Your objective ::
Once the line with "Garda Odontoiatria | Ortodonzia Invisibile" is found, repeat it and all later lines exactly through the end of the listing below, with the pictures left out.

Stored data ::
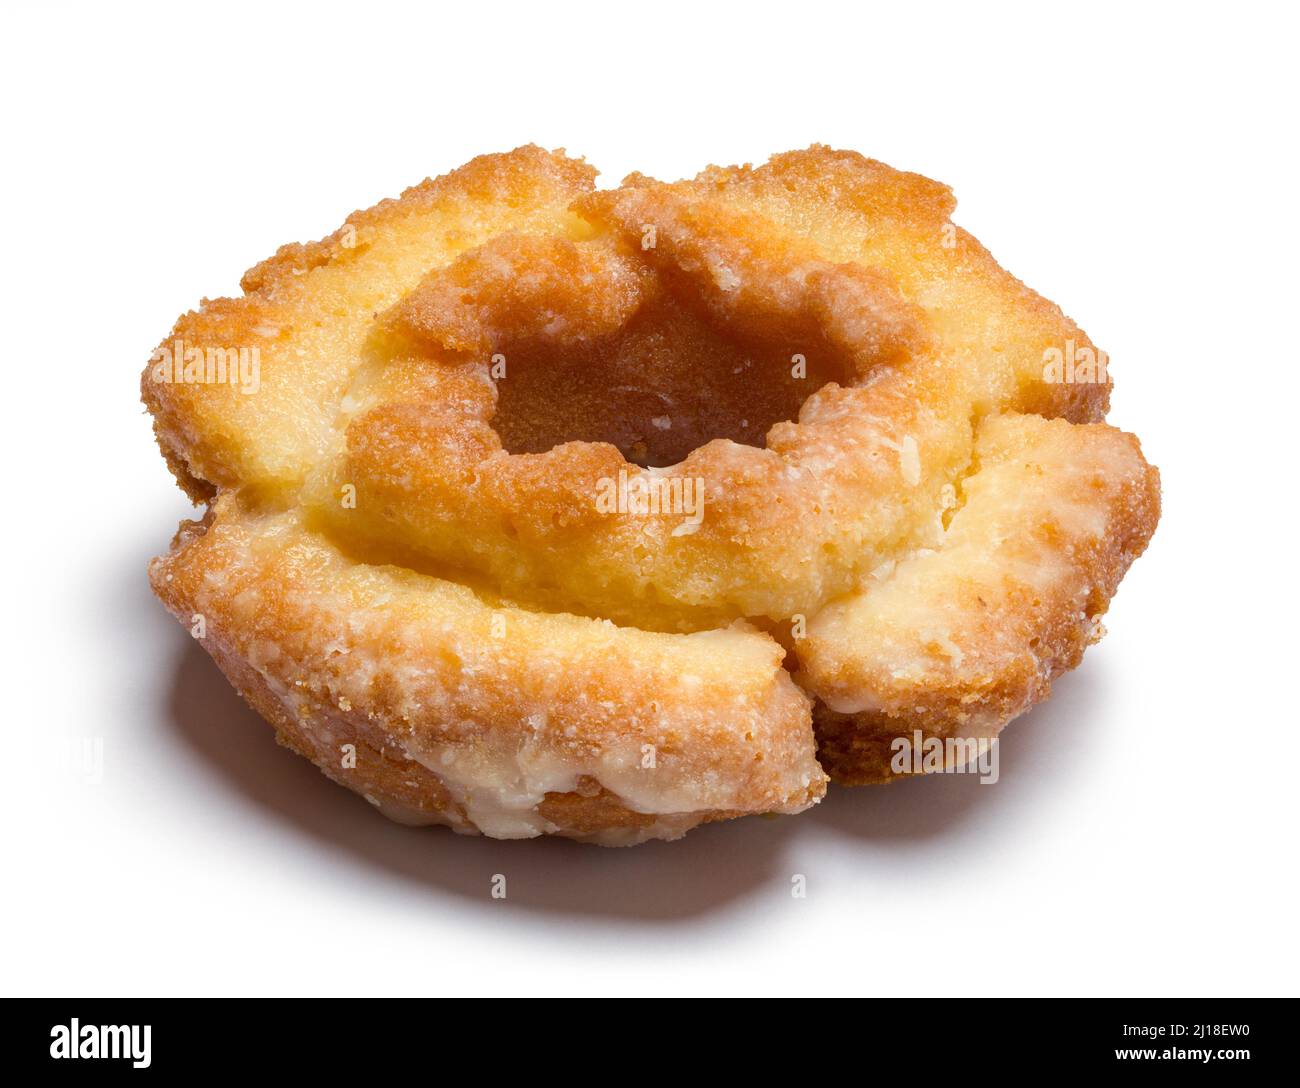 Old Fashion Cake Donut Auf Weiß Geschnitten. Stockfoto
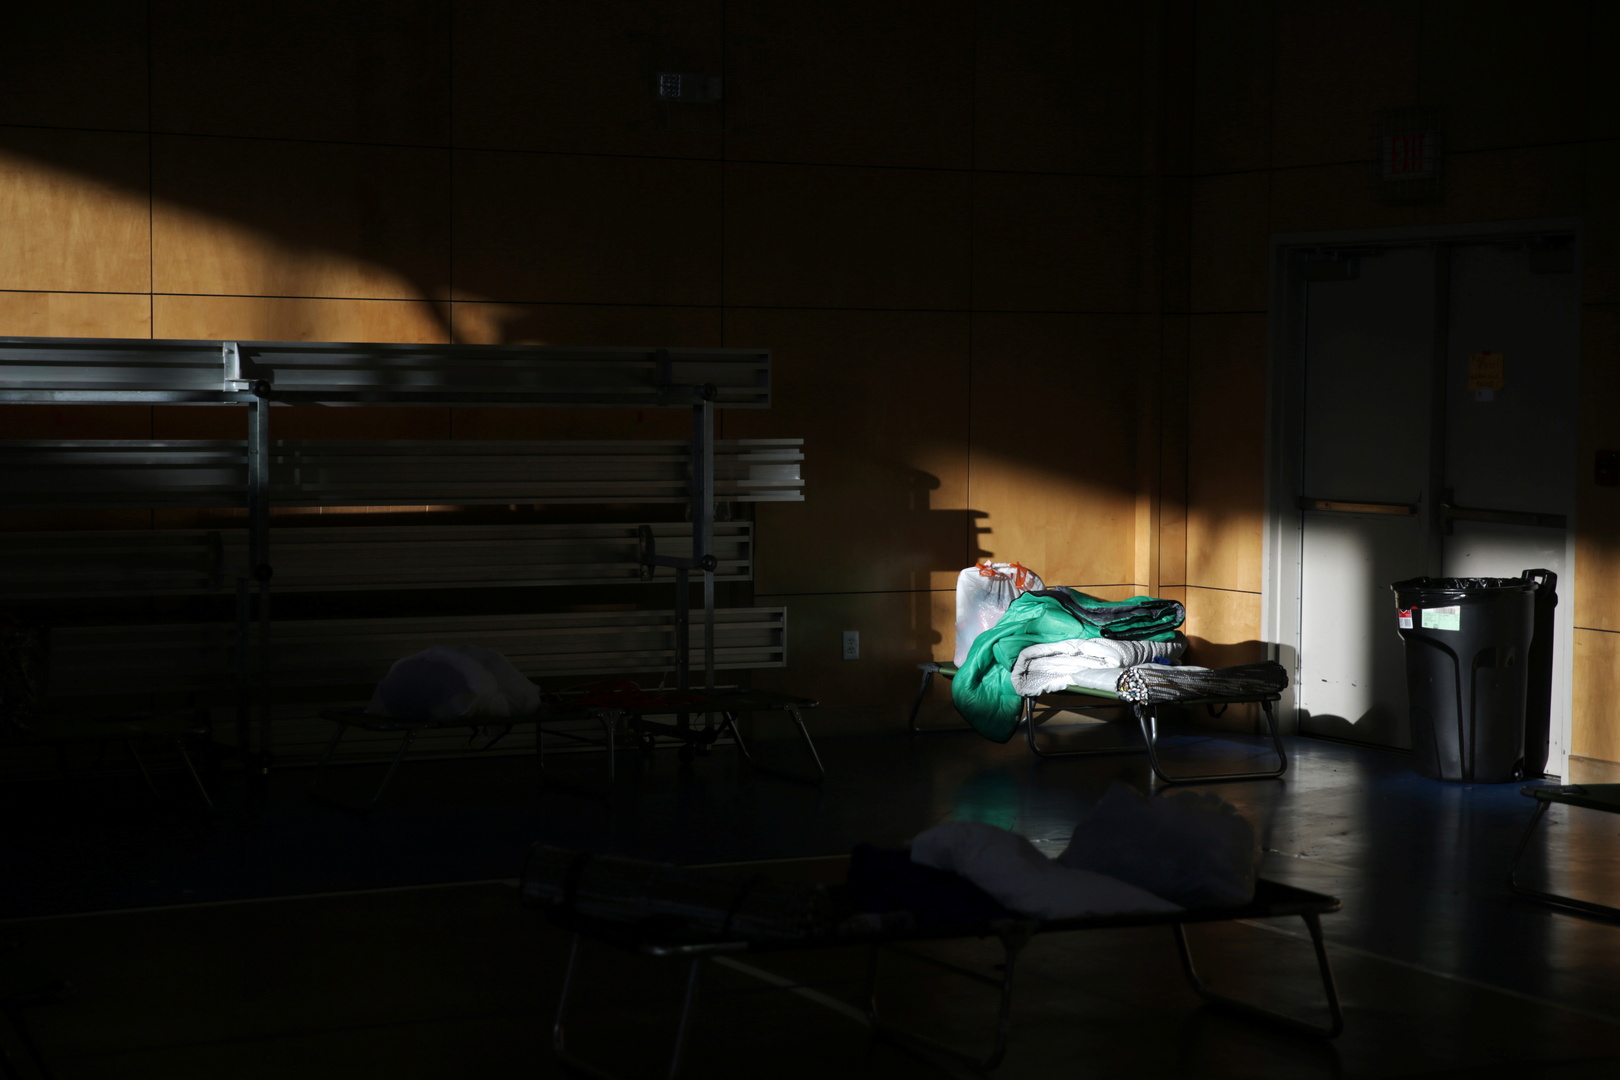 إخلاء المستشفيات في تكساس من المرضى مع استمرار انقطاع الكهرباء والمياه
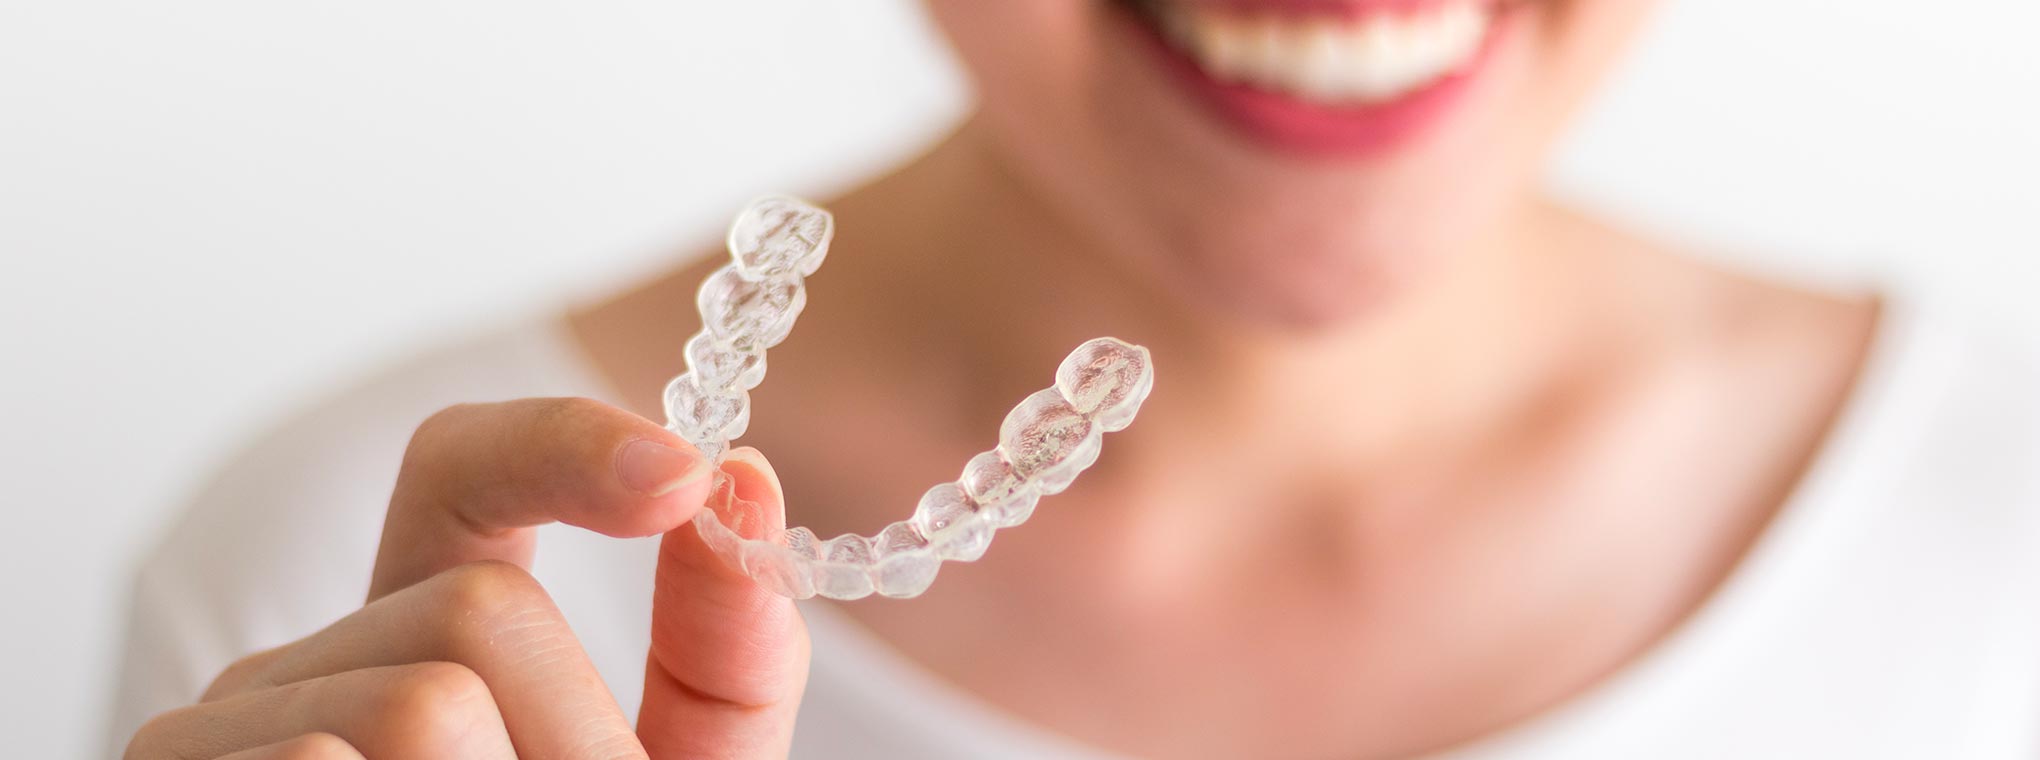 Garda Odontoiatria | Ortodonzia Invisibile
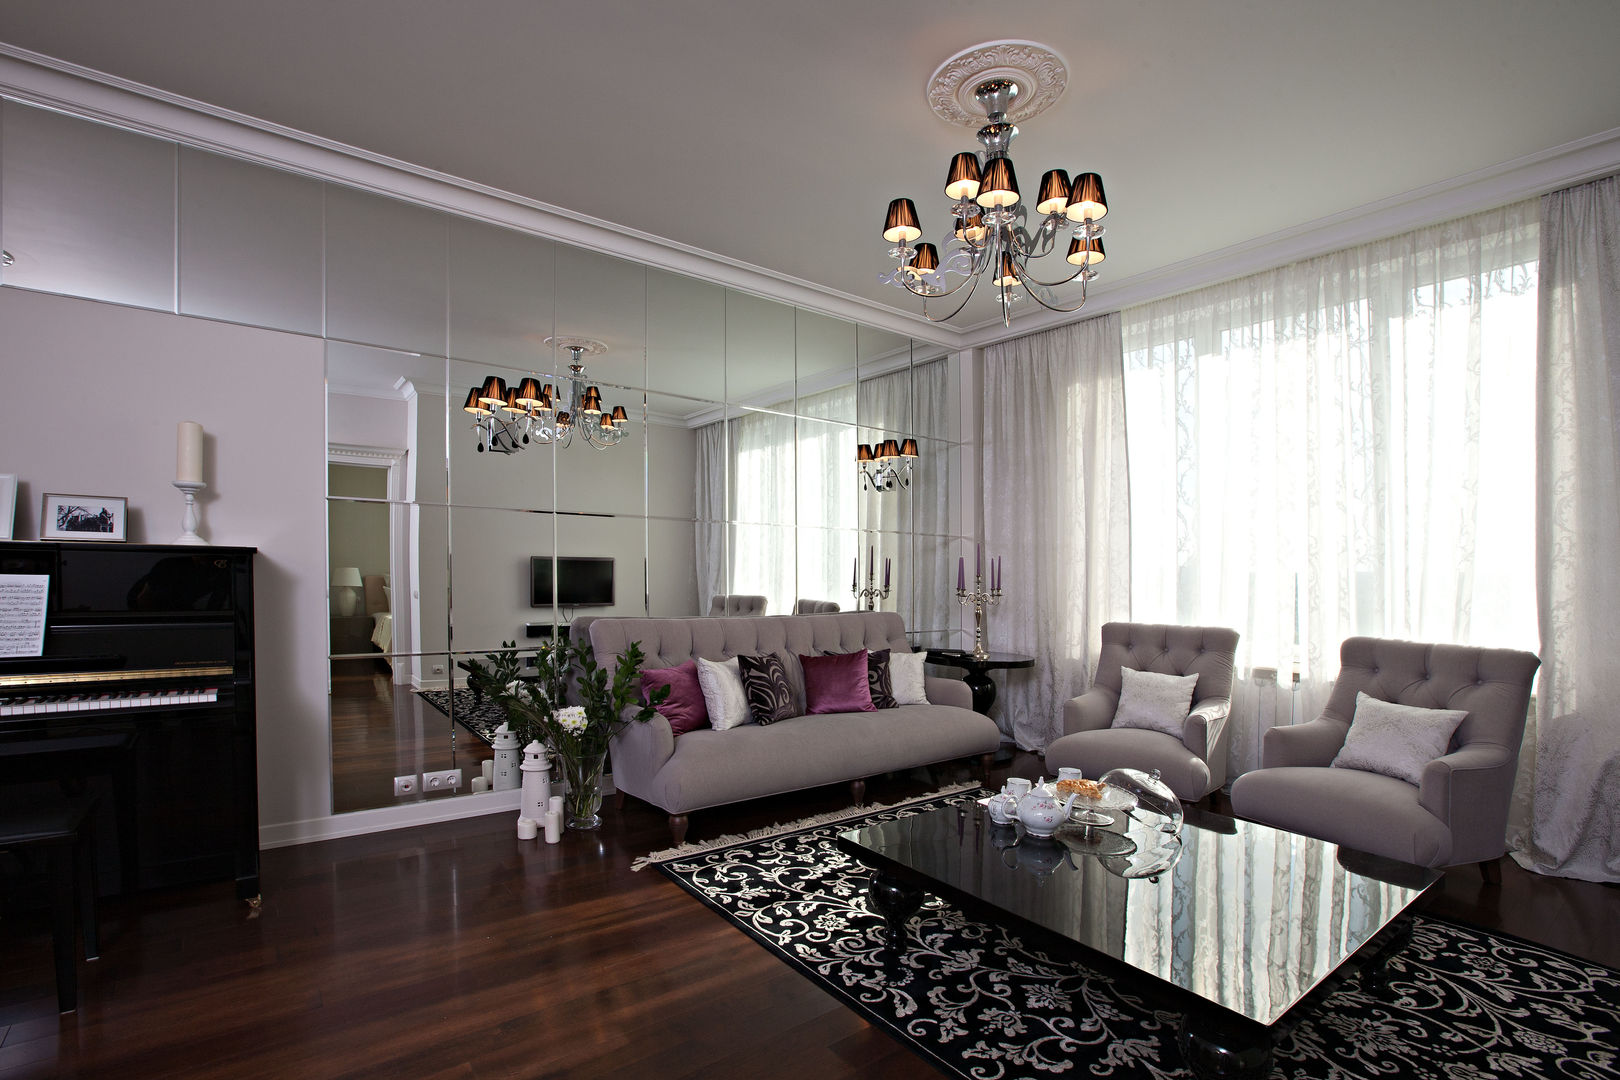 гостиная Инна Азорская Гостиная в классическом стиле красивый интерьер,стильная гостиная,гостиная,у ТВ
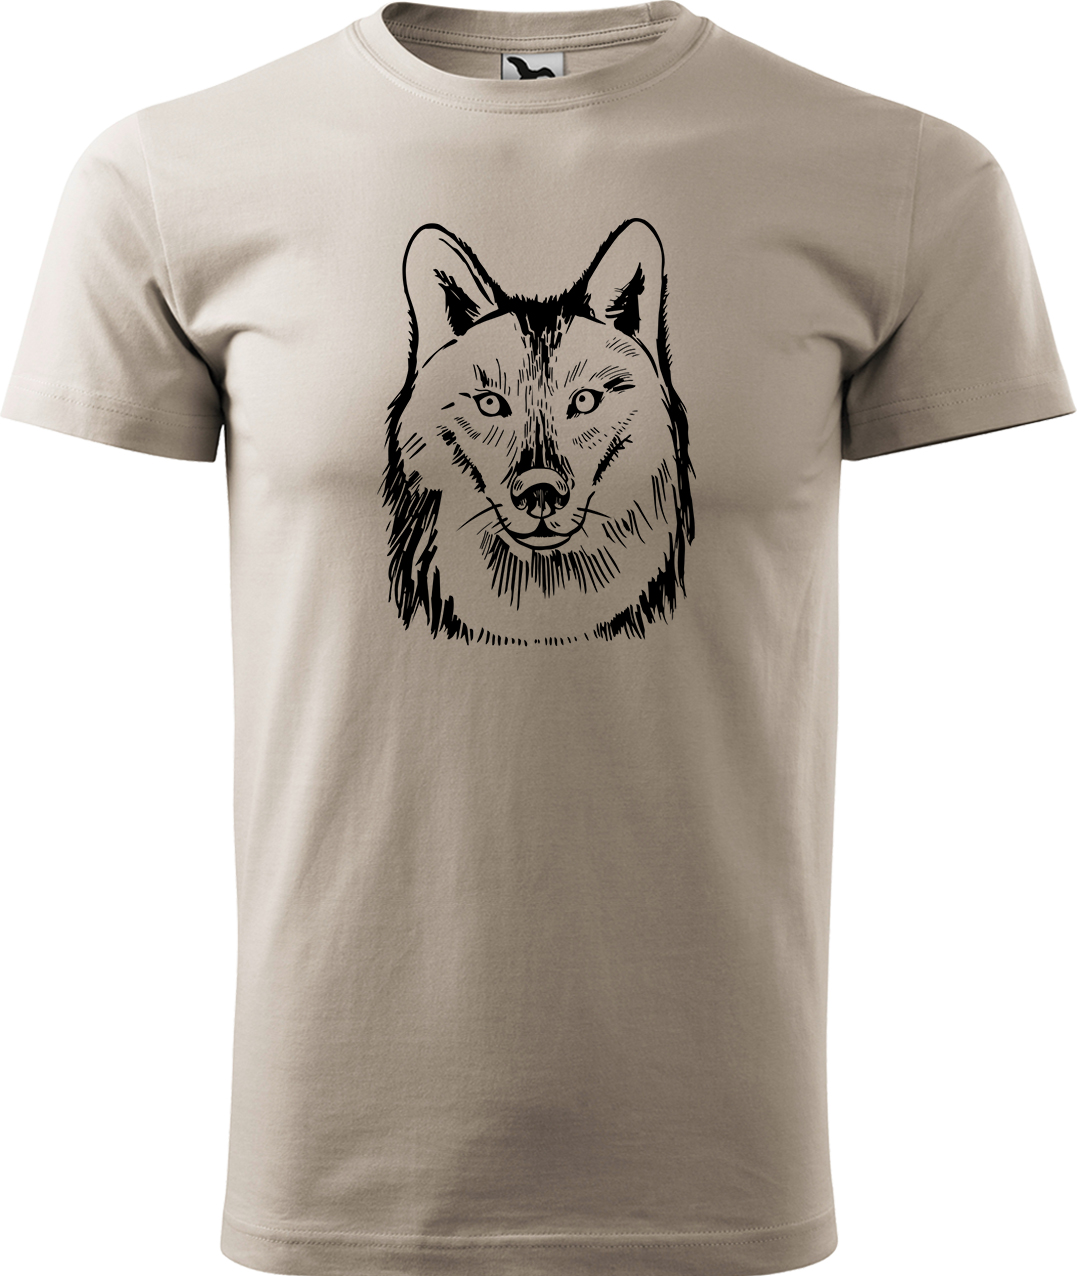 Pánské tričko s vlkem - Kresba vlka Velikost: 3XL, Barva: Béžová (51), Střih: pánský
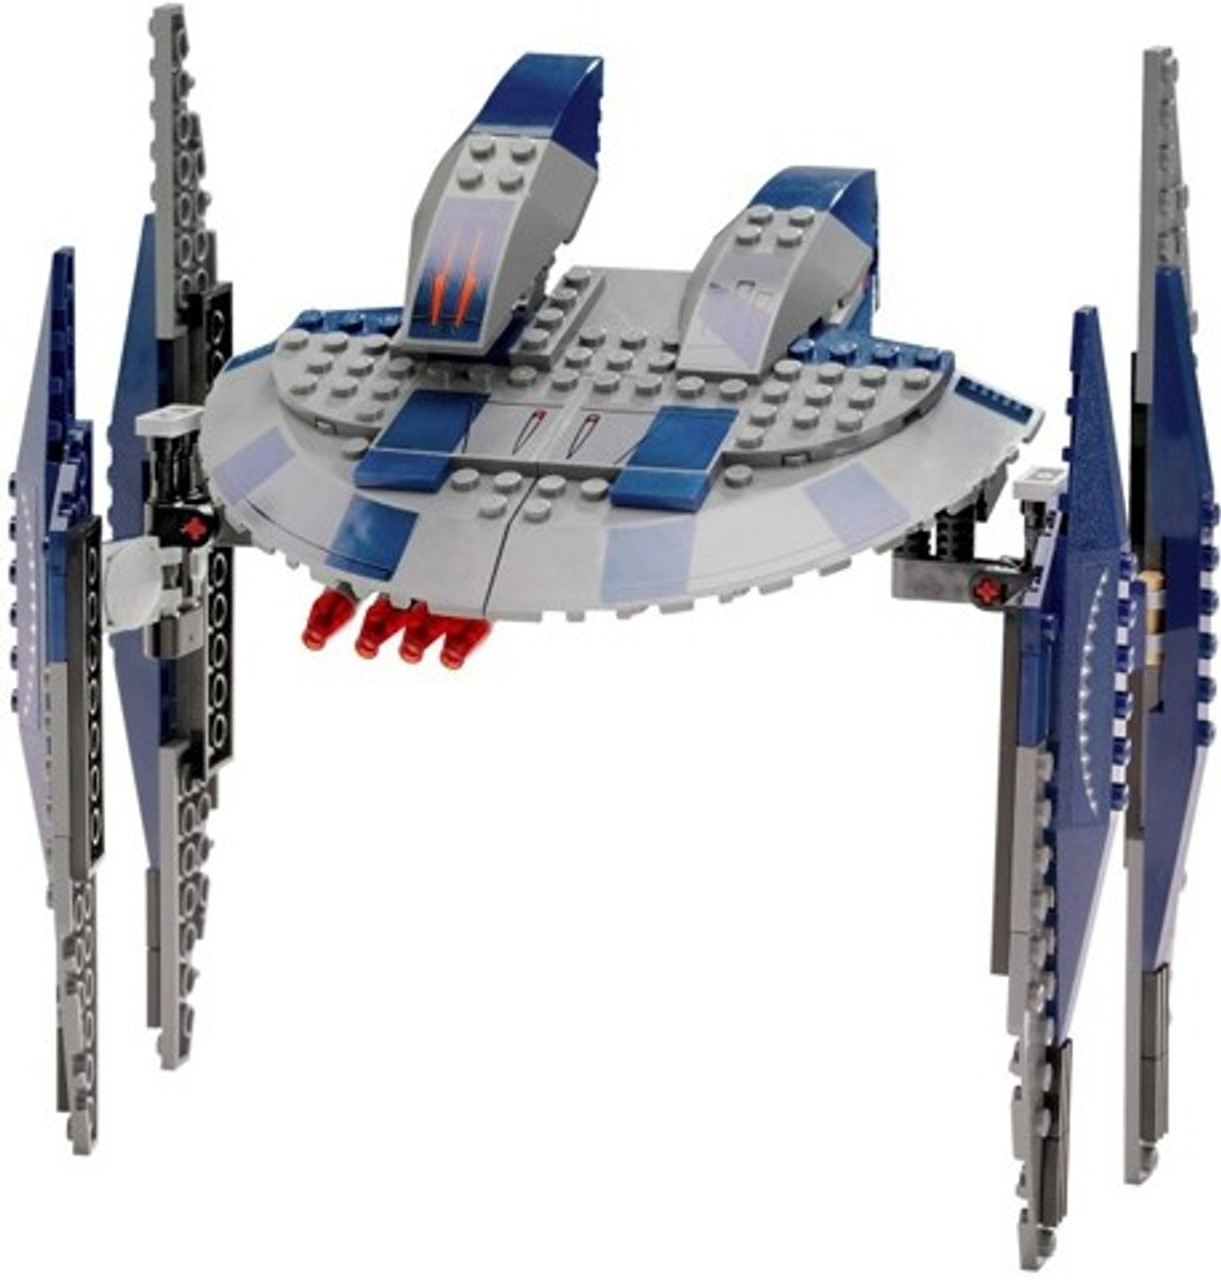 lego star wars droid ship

Finished task ::
 Garda Odontoiatria | Ortodonzia Invisibile
 гостиная Инна Азорская Гостиная в классическом стиле красивый интерьер,стильная гостиная,гостиная,у ТВ
 Pánské tričko s vlkem - Kresba vlka Velikost: 3XL, Barva: Béžová (51), Střih: pánský
 lego star wars droid ship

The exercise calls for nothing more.